=== What is needed ===
Transcribe the whole listing exactly; the images stay out.

=== Material provided ===

·····

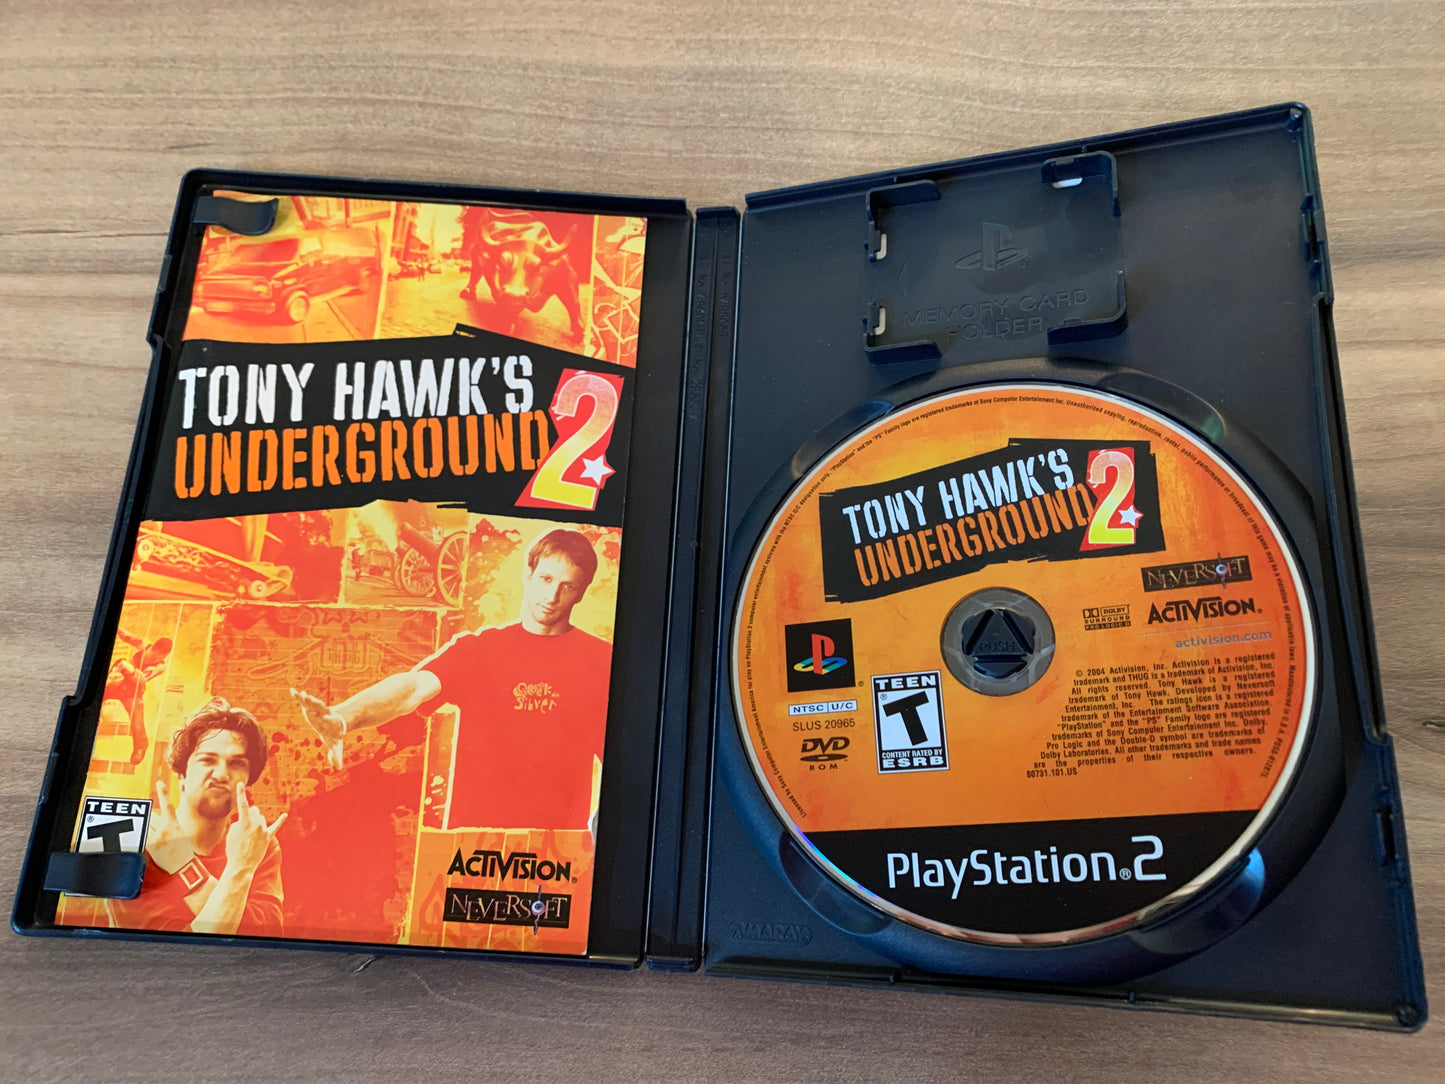 SONY PLAYSTATiON 2 [PS2] | TONY HAWKS UNDERGROUND 2
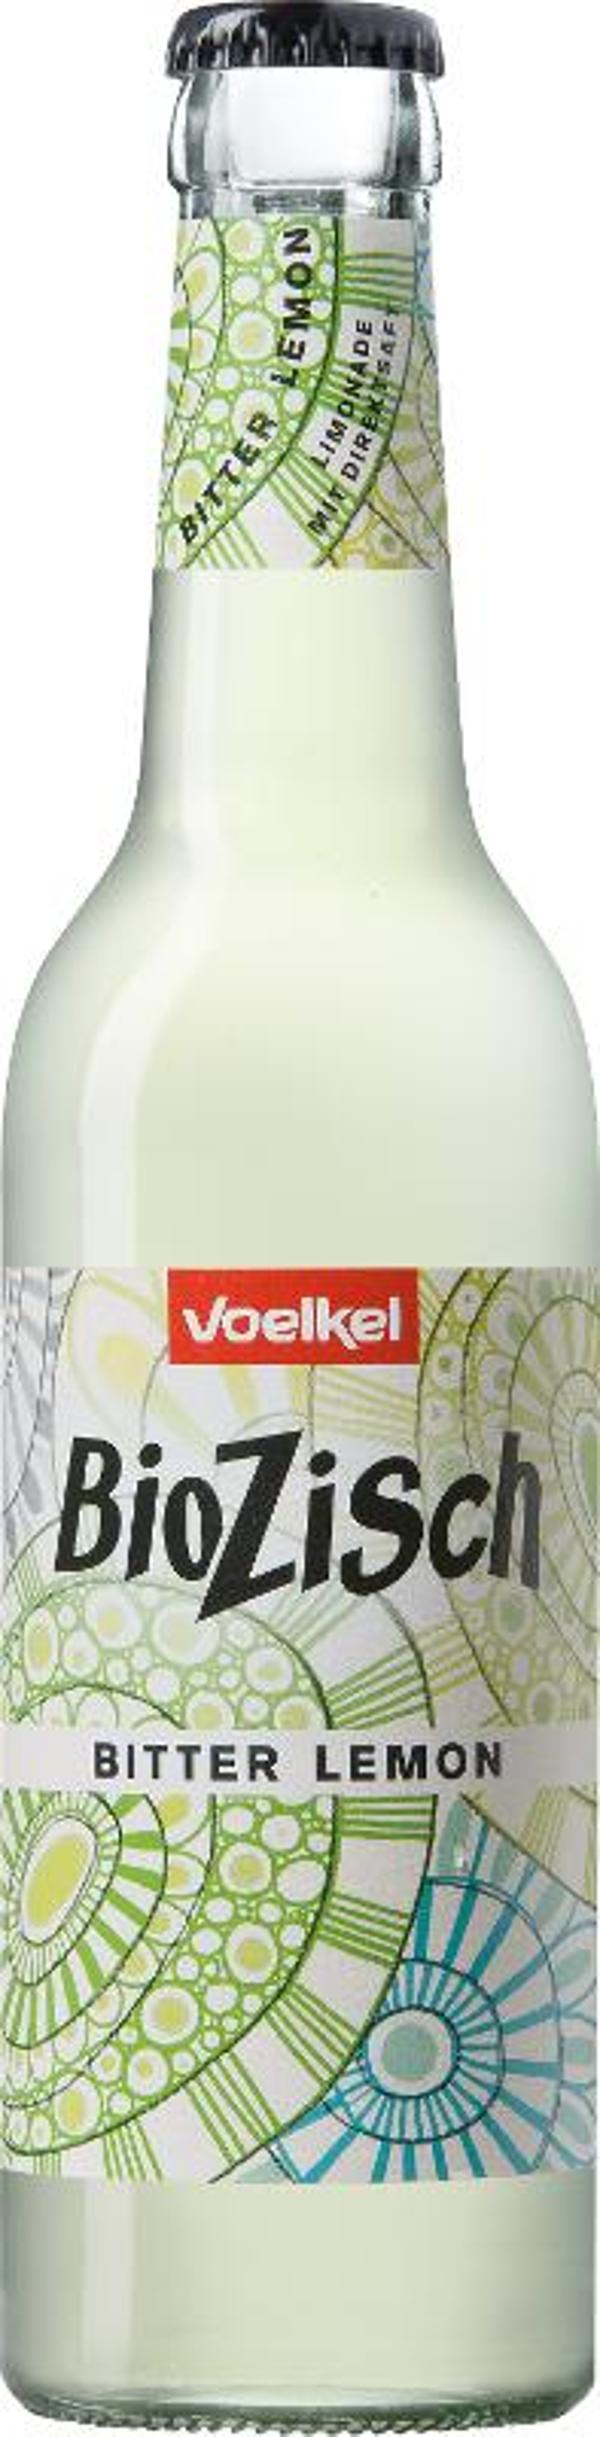 Produktfoto zu VPE BioZisch Bitter Lemon 12x0,33 l Voelkel
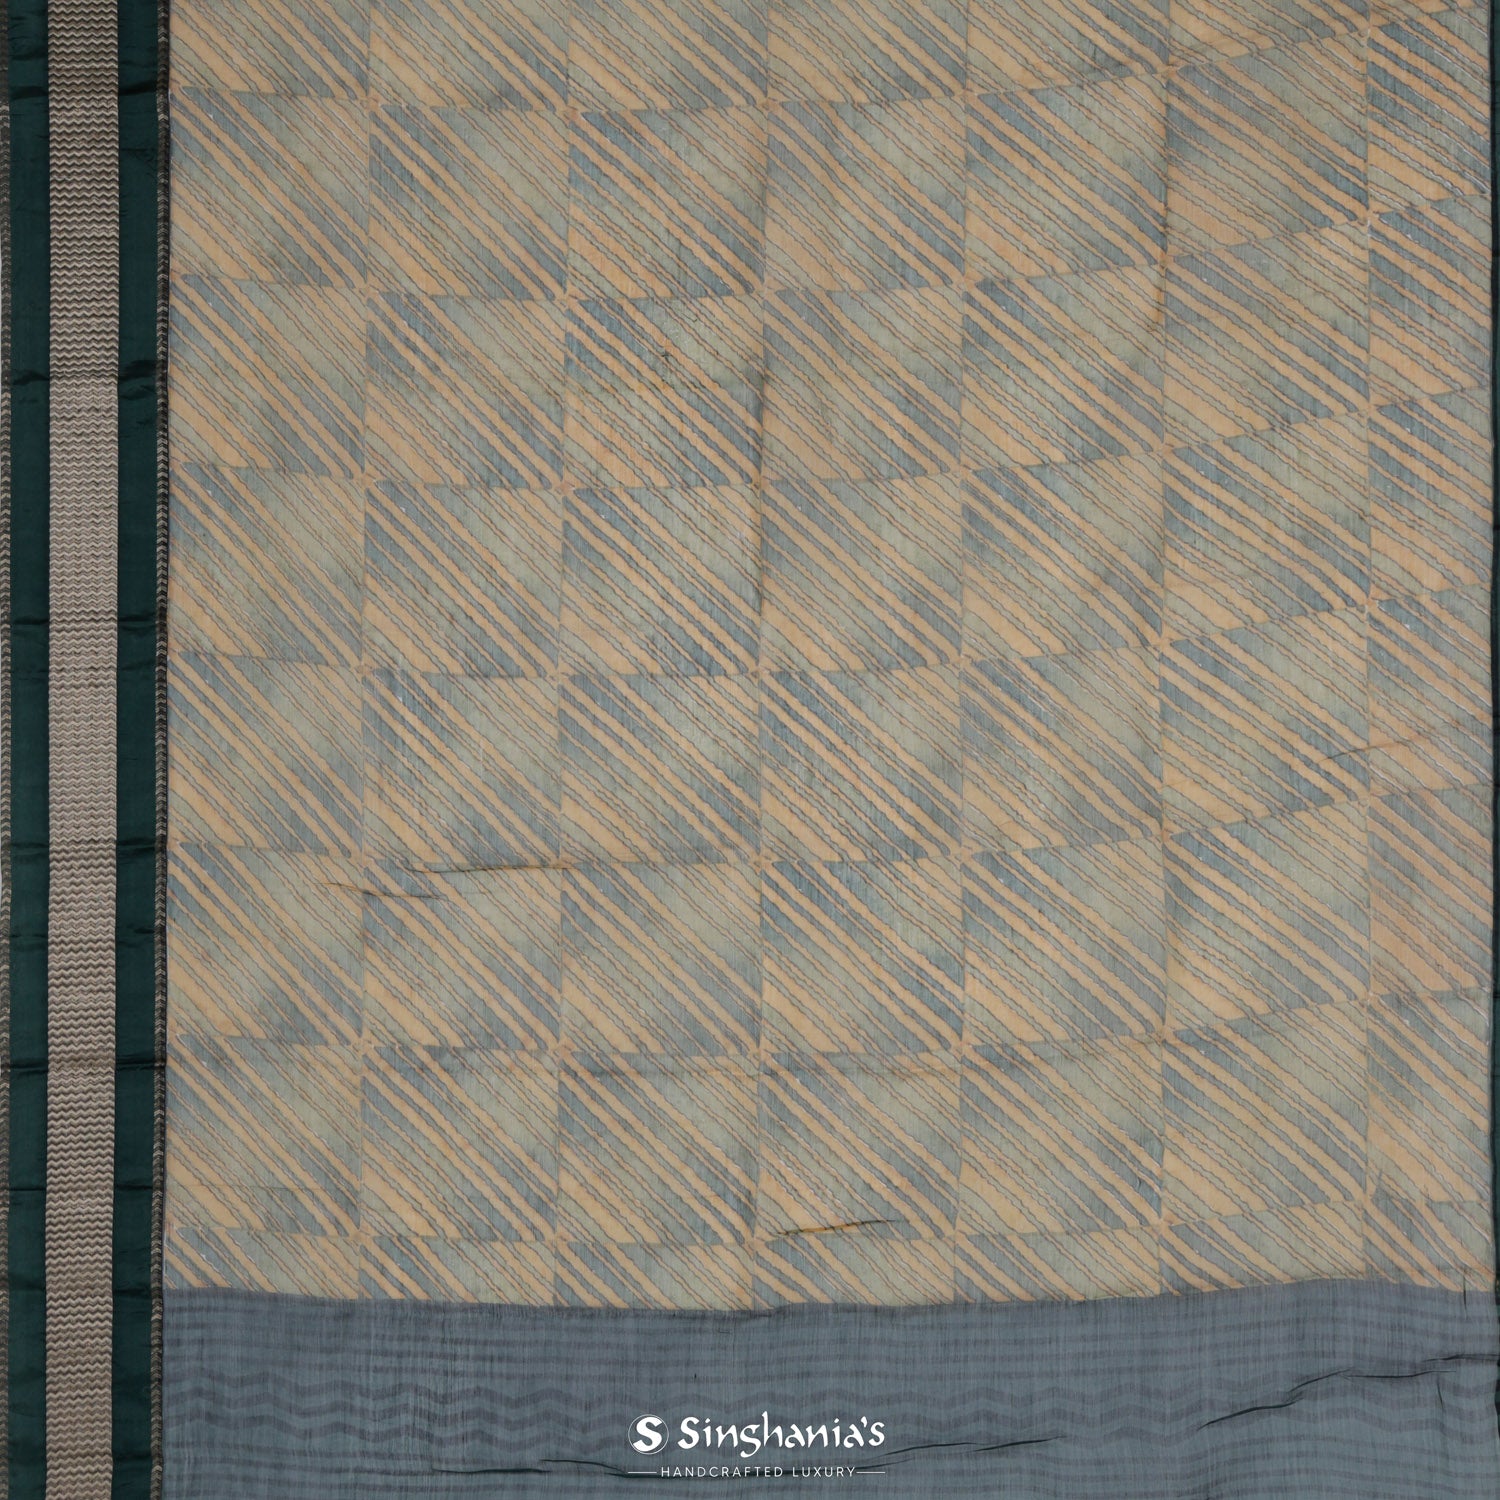 Greenish-Yellow Printed Maheshwari Saree With Checks And Stripes Pattern

·····

=== Solved problem ===
 SONY PLAYSTATiON 2 [PS2] | TONY HAWKS UNDERGROUND 2
 Produktfoto zu VPE BioZisch Bitter Lemon 12x0,33 l Voelkel
 Greenish-Yellow Printed Maheshwari Saree With Checks And Stripes Pattern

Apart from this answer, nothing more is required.